Record extracts below:
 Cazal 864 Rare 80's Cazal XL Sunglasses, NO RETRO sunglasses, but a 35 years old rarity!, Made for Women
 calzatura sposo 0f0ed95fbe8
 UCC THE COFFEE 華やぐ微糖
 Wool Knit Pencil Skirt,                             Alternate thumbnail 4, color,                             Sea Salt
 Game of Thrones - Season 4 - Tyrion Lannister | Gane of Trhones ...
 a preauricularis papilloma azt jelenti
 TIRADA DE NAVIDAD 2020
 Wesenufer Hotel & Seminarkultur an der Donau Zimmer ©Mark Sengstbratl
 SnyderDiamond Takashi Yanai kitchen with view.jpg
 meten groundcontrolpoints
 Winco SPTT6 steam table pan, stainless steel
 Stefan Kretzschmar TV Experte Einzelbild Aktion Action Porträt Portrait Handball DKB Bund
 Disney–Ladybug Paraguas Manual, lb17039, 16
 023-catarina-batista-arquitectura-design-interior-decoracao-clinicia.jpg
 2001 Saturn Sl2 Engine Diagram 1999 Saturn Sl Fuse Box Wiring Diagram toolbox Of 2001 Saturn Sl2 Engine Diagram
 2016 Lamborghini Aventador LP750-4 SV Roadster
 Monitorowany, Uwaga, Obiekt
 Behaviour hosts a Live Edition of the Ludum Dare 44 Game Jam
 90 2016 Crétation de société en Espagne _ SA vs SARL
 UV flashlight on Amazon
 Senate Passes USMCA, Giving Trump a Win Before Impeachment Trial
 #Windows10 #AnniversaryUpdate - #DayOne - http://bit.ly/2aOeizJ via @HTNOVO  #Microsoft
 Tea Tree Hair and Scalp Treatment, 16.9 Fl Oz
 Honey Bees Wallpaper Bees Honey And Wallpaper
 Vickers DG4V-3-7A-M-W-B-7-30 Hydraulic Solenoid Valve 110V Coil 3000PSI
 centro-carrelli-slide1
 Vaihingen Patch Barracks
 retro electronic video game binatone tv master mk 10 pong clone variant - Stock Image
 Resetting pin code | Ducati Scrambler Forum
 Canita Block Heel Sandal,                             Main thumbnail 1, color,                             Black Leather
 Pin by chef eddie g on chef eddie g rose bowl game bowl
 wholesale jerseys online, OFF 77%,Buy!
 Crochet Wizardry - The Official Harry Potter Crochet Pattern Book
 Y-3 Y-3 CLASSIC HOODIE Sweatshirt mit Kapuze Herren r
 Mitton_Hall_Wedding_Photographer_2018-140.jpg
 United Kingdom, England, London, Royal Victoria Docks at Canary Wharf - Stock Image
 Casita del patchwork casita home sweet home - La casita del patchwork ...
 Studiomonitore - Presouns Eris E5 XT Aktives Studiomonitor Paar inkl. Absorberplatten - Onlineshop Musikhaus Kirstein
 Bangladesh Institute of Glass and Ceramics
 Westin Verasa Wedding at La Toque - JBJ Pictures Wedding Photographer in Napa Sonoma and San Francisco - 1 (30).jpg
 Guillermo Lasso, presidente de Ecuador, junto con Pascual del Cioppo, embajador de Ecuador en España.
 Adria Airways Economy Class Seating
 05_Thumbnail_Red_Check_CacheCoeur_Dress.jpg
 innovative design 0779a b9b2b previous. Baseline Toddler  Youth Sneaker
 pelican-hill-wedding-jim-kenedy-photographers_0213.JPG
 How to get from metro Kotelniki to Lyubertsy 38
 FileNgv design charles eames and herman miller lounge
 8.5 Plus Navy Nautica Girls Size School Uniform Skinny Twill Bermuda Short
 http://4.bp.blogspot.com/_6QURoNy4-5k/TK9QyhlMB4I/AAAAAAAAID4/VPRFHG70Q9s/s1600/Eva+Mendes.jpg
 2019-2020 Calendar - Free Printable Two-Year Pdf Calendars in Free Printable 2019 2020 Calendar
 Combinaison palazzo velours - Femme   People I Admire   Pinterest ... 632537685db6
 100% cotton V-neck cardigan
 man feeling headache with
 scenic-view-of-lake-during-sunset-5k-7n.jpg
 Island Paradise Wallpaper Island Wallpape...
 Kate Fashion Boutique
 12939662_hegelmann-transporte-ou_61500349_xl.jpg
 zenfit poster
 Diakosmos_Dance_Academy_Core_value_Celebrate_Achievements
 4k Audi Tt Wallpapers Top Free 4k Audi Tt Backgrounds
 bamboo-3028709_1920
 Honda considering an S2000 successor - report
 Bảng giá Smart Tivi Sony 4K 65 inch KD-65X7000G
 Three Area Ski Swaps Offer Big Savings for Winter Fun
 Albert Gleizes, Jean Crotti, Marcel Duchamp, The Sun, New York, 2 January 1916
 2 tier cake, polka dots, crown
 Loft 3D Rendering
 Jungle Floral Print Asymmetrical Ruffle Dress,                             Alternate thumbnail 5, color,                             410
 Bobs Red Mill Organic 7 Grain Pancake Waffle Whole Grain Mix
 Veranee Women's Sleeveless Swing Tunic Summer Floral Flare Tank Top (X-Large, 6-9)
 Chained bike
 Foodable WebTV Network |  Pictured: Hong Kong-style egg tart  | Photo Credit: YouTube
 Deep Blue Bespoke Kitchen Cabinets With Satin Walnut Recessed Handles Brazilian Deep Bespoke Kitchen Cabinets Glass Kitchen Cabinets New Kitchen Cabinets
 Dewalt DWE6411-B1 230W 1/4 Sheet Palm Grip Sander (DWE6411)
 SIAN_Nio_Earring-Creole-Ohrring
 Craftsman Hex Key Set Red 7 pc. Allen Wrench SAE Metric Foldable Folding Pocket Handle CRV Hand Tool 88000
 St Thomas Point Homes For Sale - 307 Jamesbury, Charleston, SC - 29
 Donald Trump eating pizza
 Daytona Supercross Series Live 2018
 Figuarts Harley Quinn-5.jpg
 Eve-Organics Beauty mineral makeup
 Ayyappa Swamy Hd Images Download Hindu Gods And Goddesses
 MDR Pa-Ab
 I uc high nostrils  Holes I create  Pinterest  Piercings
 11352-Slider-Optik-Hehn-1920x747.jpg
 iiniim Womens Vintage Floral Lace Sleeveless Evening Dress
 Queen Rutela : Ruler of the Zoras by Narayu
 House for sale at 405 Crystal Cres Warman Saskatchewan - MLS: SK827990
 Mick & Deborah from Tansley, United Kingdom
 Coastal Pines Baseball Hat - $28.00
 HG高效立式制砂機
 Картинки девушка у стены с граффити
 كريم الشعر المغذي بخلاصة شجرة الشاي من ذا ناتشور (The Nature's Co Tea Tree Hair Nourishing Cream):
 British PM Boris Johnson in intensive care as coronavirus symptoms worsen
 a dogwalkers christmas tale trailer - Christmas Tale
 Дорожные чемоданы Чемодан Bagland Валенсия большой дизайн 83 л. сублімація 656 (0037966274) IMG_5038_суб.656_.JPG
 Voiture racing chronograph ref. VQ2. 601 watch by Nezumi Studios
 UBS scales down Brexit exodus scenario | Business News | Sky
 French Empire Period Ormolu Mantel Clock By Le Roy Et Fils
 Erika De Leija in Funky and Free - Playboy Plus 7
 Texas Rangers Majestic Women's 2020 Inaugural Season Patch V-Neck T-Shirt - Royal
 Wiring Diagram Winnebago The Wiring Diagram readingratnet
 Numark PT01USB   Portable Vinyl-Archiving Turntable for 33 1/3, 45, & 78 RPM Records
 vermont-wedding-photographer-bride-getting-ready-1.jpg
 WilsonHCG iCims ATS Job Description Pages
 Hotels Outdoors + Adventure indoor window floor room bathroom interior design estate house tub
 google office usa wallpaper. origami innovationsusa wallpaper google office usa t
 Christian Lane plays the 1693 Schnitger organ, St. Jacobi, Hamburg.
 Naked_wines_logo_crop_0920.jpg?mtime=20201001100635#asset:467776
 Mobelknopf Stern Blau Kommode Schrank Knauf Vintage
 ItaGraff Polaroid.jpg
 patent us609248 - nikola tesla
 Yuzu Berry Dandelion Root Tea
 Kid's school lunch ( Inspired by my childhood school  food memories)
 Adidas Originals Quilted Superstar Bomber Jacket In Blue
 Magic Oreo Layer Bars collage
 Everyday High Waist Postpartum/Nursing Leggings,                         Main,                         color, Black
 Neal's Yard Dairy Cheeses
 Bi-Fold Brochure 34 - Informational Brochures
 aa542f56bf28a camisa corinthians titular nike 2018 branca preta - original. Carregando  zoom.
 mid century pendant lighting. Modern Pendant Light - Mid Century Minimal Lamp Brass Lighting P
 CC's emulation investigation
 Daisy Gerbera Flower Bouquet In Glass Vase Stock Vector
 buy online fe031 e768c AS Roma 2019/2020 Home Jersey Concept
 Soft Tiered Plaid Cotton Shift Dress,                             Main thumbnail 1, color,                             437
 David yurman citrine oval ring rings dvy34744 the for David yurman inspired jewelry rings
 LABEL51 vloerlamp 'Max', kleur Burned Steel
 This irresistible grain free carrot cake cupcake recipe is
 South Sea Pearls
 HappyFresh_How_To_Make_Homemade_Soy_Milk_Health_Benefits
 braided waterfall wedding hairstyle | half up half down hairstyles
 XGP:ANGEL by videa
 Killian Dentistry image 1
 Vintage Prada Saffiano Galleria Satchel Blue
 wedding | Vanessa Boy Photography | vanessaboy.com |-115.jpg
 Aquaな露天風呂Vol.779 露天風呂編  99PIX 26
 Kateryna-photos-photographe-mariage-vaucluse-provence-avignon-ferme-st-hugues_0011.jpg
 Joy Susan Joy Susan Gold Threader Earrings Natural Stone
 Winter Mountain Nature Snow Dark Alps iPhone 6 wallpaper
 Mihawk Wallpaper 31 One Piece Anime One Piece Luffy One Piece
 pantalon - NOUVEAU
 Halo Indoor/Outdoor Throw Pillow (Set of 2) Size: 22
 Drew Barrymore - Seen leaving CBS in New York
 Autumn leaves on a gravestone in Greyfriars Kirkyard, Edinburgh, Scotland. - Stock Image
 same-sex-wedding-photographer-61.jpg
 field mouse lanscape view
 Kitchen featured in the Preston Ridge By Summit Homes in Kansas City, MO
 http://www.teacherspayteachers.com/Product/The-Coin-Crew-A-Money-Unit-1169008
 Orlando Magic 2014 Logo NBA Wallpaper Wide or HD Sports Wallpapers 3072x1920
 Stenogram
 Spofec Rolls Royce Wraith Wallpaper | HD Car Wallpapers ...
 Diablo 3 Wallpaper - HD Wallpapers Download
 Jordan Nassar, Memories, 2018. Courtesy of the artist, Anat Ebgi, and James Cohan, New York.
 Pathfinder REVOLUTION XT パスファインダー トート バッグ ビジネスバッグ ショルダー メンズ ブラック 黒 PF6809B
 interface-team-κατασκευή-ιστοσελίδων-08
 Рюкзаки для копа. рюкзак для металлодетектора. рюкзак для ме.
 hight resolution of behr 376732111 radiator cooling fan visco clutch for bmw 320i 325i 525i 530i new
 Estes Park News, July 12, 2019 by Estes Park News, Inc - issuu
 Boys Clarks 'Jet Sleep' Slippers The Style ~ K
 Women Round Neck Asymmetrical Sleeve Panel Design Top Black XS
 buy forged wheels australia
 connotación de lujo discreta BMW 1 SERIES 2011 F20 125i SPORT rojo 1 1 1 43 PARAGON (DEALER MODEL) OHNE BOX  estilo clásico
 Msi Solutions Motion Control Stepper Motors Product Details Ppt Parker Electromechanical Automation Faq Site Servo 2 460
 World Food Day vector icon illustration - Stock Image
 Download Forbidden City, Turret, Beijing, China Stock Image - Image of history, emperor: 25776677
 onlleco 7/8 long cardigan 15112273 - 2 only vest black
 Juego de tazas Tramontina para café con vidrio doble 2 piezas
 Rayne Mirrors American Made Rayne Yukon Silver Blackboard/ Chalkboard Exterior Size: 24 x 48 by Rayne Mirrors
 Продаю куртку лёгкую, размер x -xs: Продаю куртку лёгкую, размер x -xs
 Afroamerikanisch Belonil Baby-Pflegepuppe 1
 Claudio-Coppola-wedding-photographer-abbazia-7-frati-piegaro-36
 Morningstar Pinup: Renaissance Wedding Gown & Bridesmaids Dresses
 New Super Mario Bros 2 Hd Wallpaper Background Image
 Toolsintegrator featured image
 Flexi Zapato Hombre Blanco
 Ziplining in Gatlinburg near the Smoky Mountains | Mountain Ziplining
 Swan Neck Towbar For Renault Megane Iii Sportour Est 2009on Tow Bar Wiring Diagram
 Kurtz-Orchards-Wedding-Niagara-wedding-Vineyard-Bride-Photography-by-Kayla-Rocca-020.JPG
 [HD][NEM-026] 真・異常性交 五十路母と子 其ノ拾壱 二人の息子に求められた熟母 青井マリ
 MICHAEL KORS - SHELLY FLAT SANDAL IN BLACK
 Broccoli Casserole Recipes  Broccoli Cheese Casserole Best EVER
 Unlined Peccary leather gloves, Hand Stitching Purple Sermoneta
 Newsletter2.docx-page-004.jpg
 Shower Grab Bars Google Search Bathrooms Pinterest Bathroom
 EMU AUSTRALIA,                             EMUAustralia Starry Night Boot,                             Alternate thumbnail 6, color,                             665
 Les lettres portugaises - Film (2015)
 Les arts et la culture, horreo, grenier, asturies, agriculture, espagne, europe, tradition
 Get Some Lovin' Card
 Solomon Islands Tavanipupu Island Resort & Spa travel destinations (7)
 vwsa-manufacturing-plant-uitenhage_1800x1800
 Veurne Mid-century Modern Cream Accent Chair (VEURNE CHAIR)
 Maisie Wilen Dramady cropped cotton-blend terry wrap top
End of Record extracts.
● **Task to complete**: What lines in the records contain the word "century"? Return each one.

● **Solution**:
 mid century pendant lighting. Modern Pendant Light - Mid Century Minimal Lamp Brass Lighting P
 Veurne Mid-century Modern Cream Accent Chair (VEURNE CHAIR)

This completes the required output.